How much will my new home cost per square foot? I want to add an addition on to my home, how much will it cost per square foot? I want to gut this whole place and rebuild it from the inside out, how much will it cost per square foot?
We get multiple phone calls per week asking how much a new home costs per square foot. Or how much renovations cost, per square foot. And you will find some websites that will tell you the cost of construction by the square foot, by market. I am here to tell you they are are full of baloney.
There is no accurate, fair or reliable way to give a cost per square foot.

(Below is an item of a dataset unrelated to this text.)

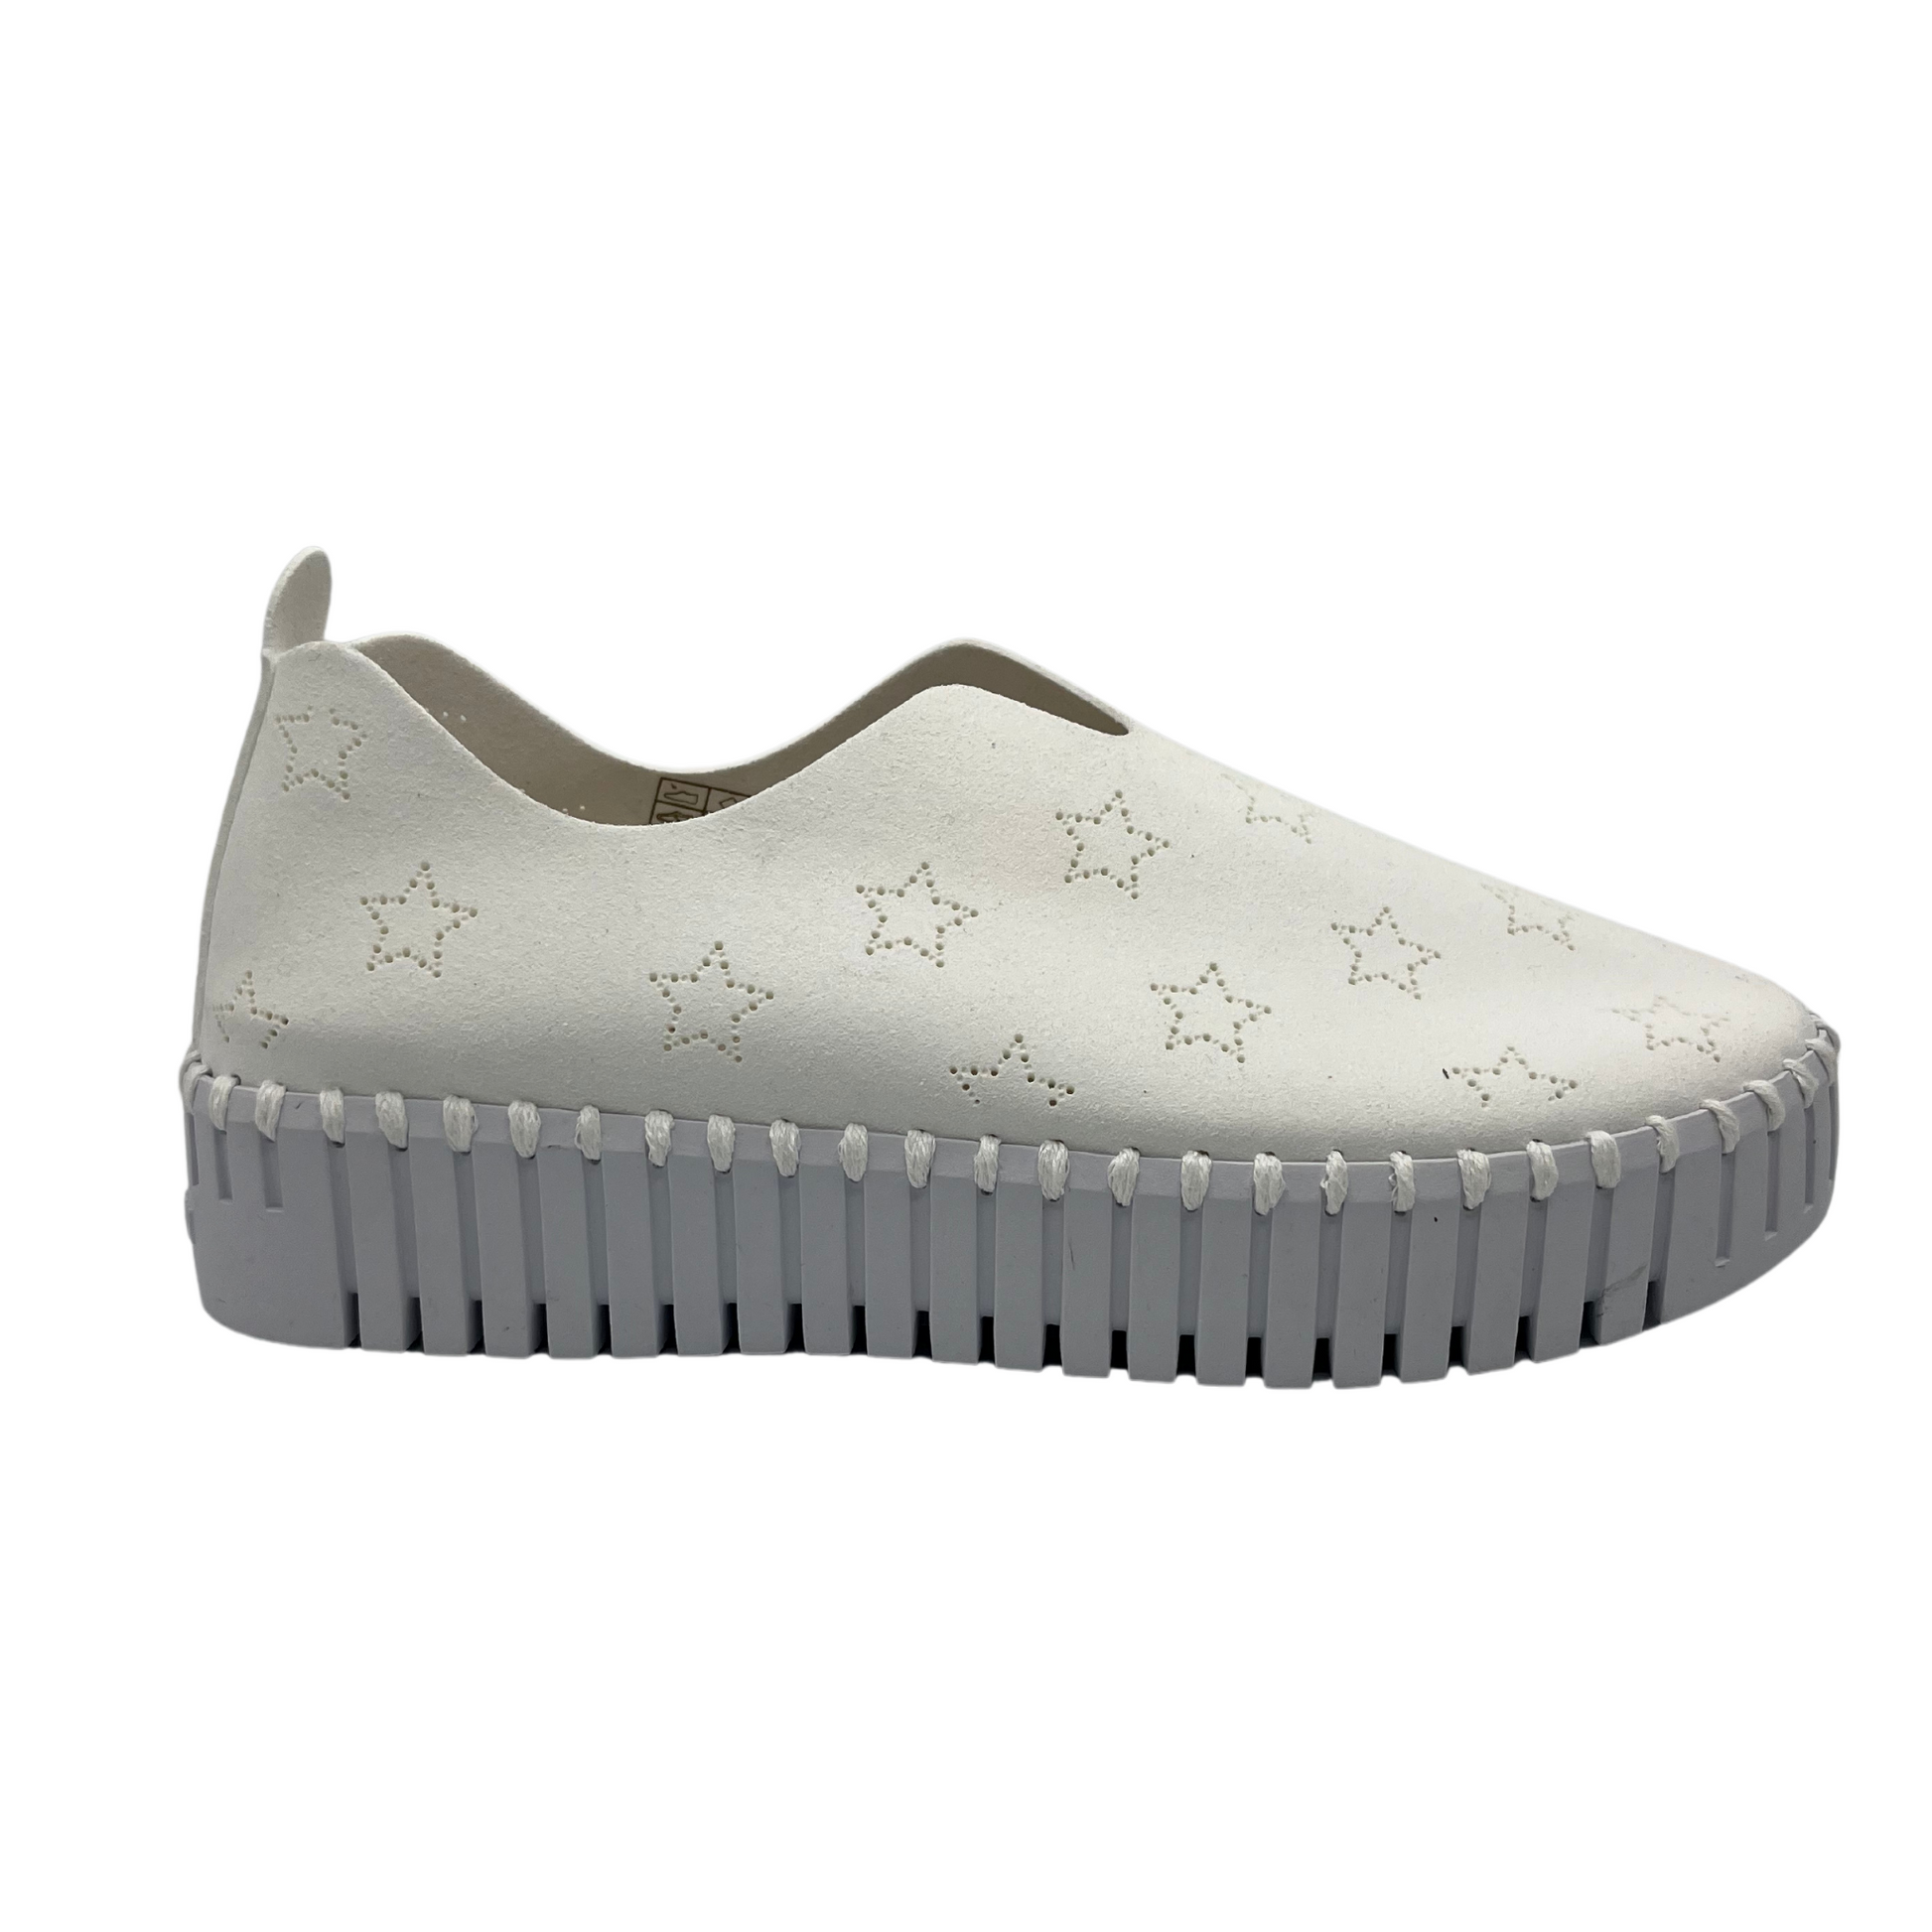 Right facing view of white slip on sneakers with small star cutouts on upper. White rubber platform sole.

So much of building new custom homes “depends”. Finish selections (tile, appliances, cabinetry, etc) will swing a price hundreds of thousands of dollars. And every single person we have every talked to over 20 years of building homes wants middle of the road, nothing fancy. And then they spend $5,000 of their budget of the kitchen sink alone. If you want that kitchen sink, by all means get it! But your cost per square foot goes right out the window. So does that mean the homeowner should forego those items to keep that almighty cost per sq ft in order? Heck no.
If we could figure costs that easily we’d have every home estimated in 10 minutes. It just does not work that way. I do not care what you saw on HGTV – the cost for a home cannot or maybe more accurately SHOULD NOT be calculated on a per square foot basis.
When you truly price a custom project, each line item from lumber to doorknobs should be looked at, evaluated and assigned a value. Before beginning your project, have an idea if you want a high end $20,000 oven or a standard $3,000 model. Can you change your mind? Of course! When you are looking at a true cost model and not an arbitrary cost assigned to the whole project without any detail, you actually have more freedom to make choices and then change them.
Moral of the story? Cost per square foot is not an accurate reflection of the cost to build YOUR house. Find a general contractor that prices your project based on your project, not an imaginary number that may or not be correct! You’ll be happy you did when you want that $5,000 sink!